Mientras Él me preguntaba con insistencia, quebrando en parte nuestro trato, cuántos chorizos me parecía que debíamos comprar, yo pensaba si sería cierta la sospecha de Bioy: el miedo a la vejez, envejece. Entonces, ¿el miedo a la muerte, enmuerta? Ay, Bioy, si te hubiera conocido, pensaba yo y, Él, entretanto, calculaba kilaje de asado de tira y se decía a sí mismo, sin saber que yo andaba muy lejos de sus cálculos gastronómicos, que en realidad las mujeres no comen nada y que a quién se le había ocurrido decir que se calcula medio kilo por persona, si las minas se conforman con la ensalada verde y si los hombres, claro, ya no engullen como antes porque el colesterol y porque la presión y bla bla.
Ey, por dónde andás, en qué estás pensando.

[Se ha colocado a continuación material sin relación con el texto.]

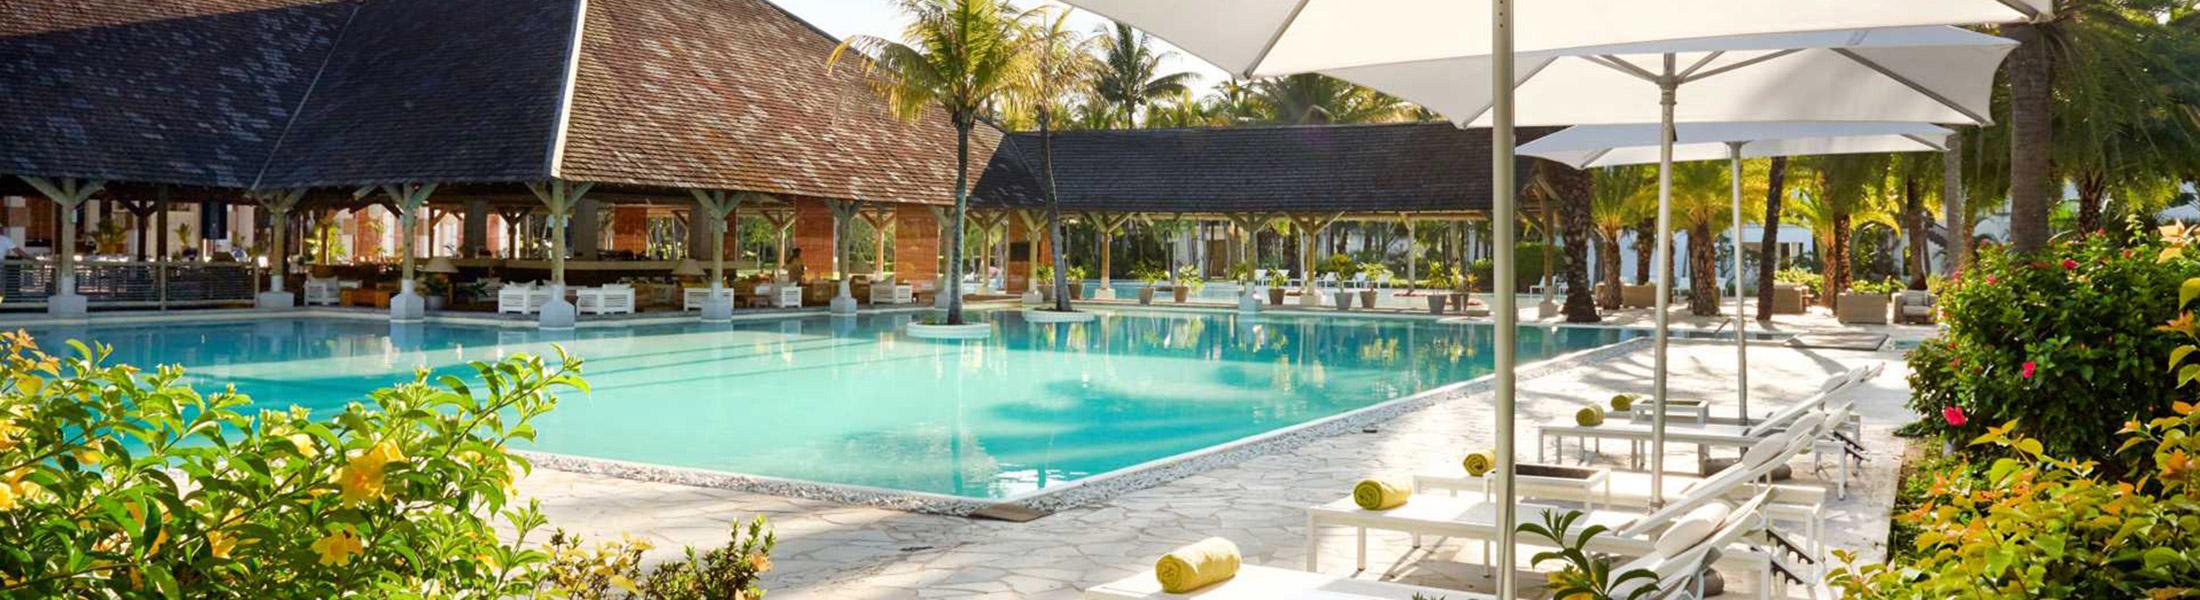 Pool & Loungers at Ravenala Attitude in Mauritius
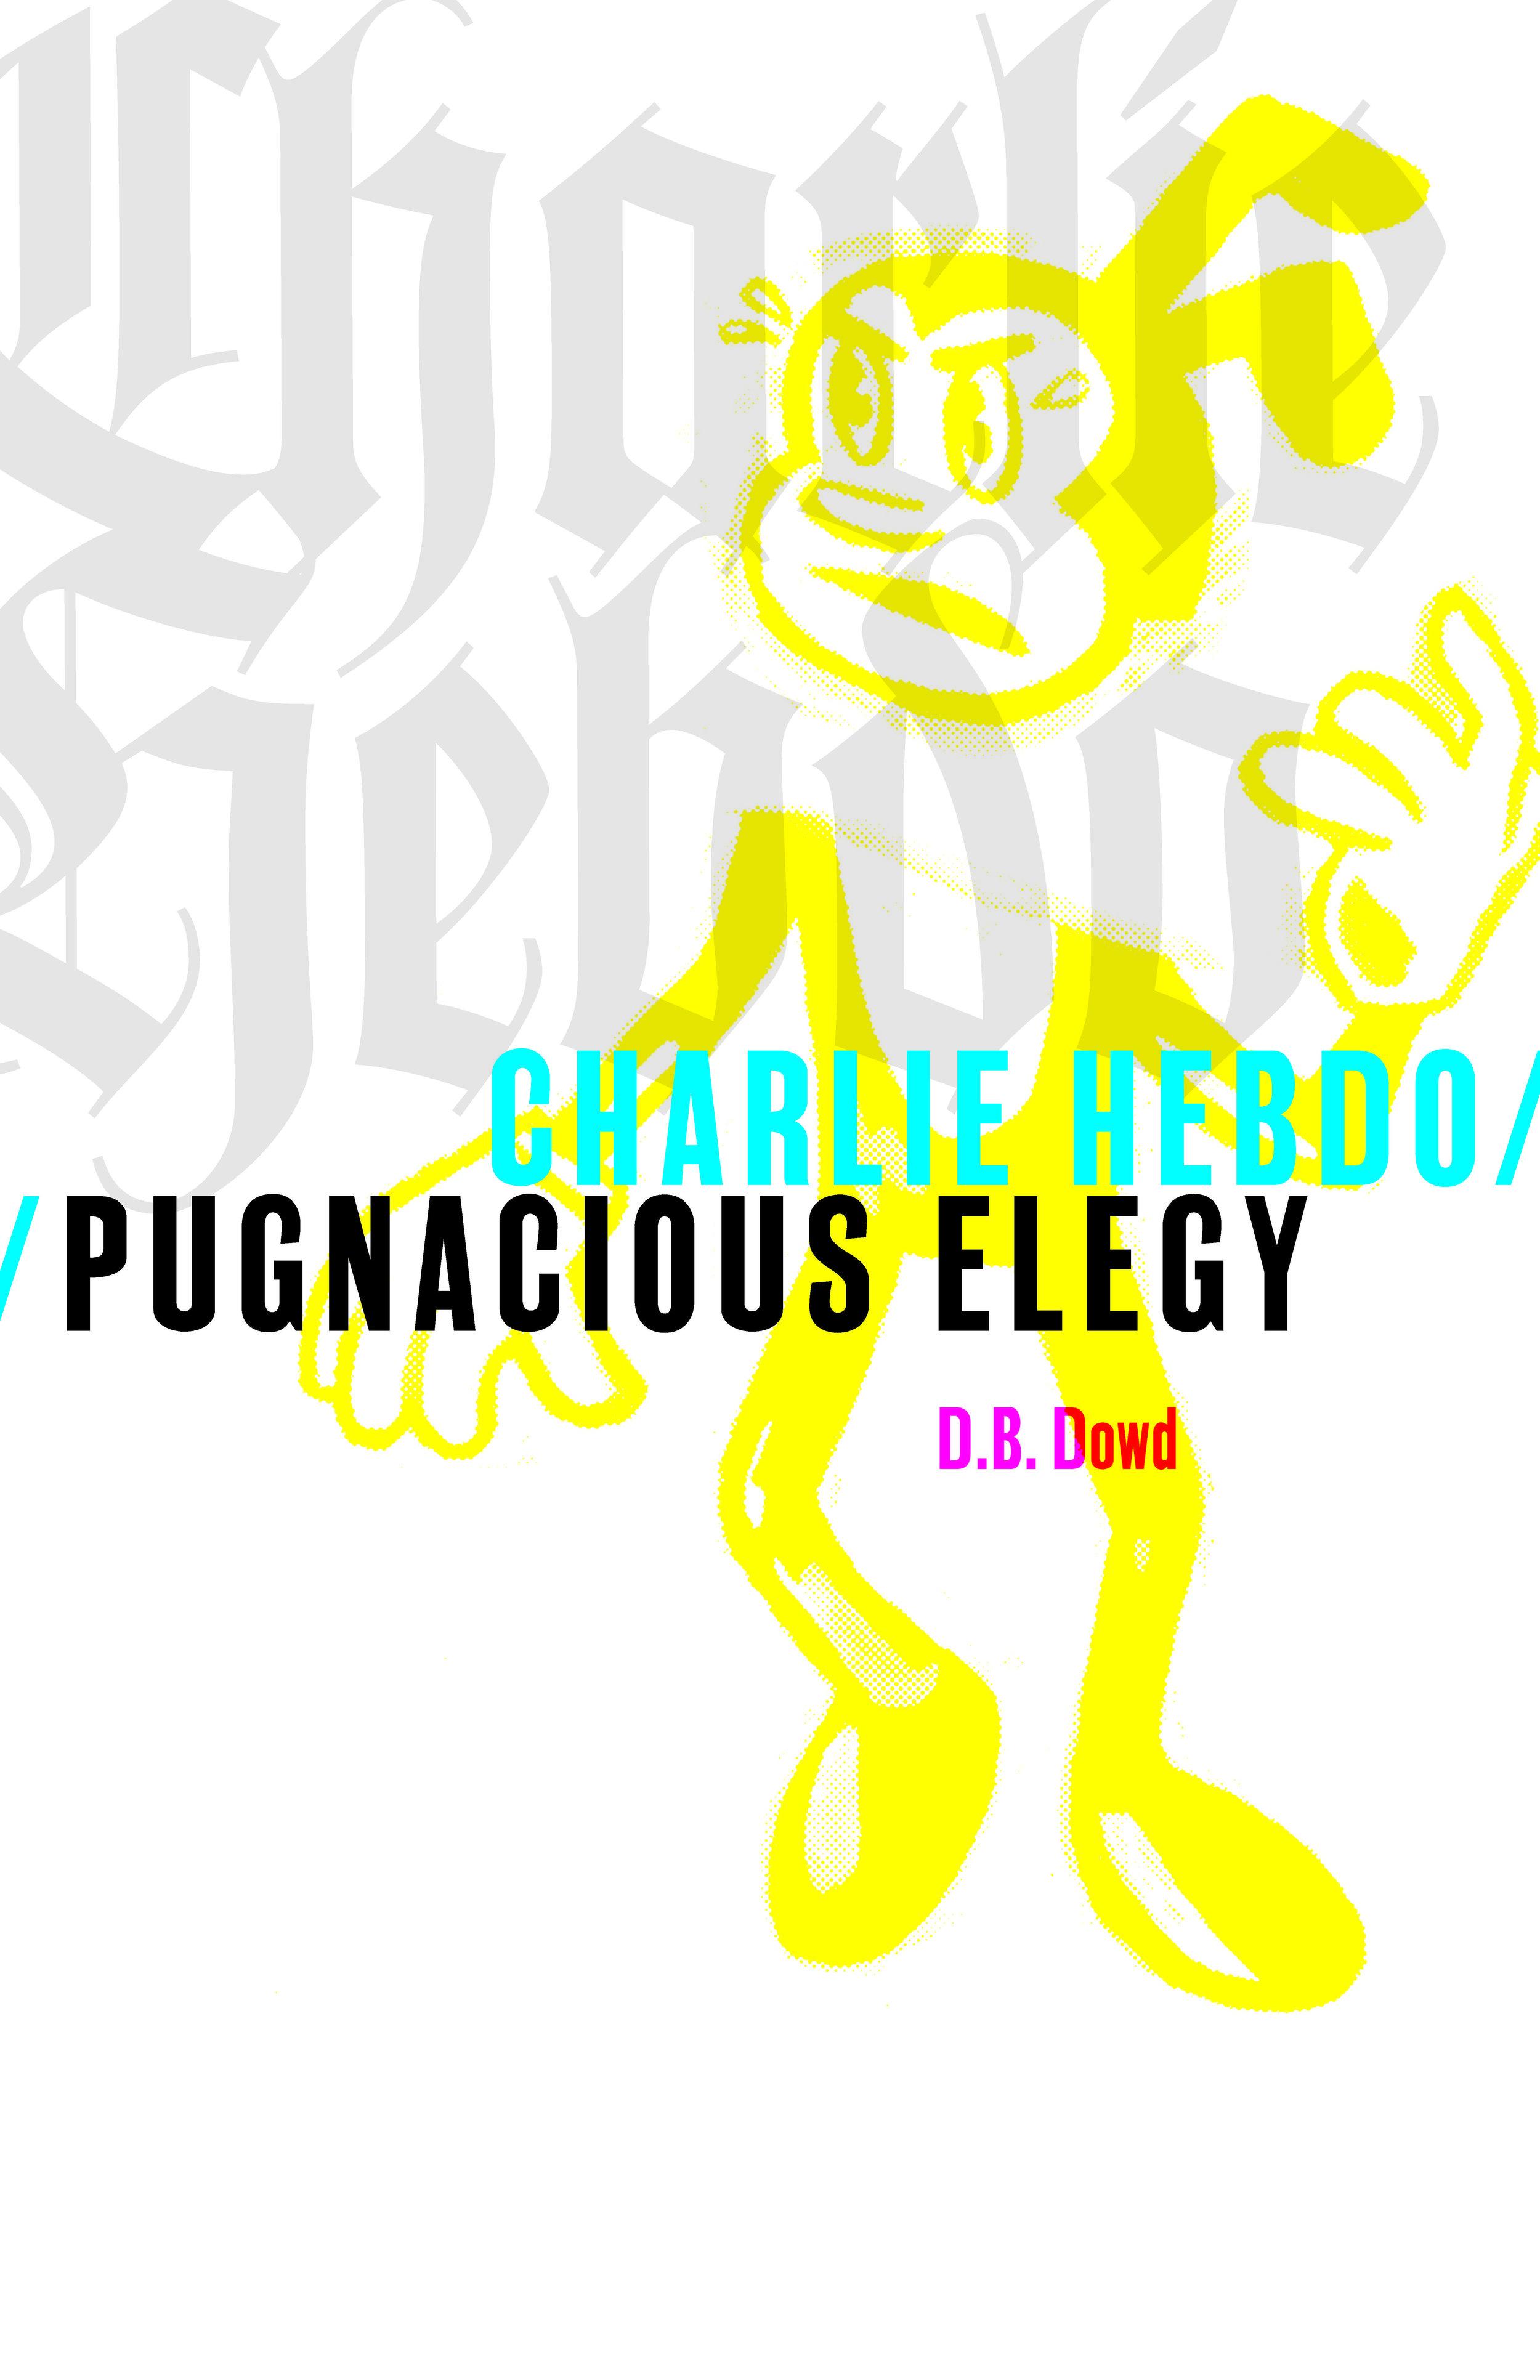 Dowd_Pugnacious_cover.jpg

Sin importarme que ni el lugar ni el momento fueran los más propicio para sacar el puño, lo saqué, así, directo a su mandíbula: Dice Bioy que las mentiras piadosas que se dicen sobre la vejez le parecen casi deprimentes, porque lo verdaderamente deprimente, son las verdades.
Ya está, lo dije, me acuerdo del instante justo, frente a la gélida heladera de los yogures.
Digamos que nuestros puntos de vista con respecto a la vejez no coincidían, como otros tantos puntos. Pero ahí estaba nuestra complicidad: su mirada sobre mis palabras y una sonrisa de comprensión y de cariño que, después de años, ya era perfecta para mí.
Volvimos.
Él con la ilusión del día de sol y el asado y la vida.
Yo, un puro proyecto que no termina de despegar, una melancolía cansina, mechada con interludios intensos que me hacen, como a Él, amar la vida más allá de disonancias y oscuridades.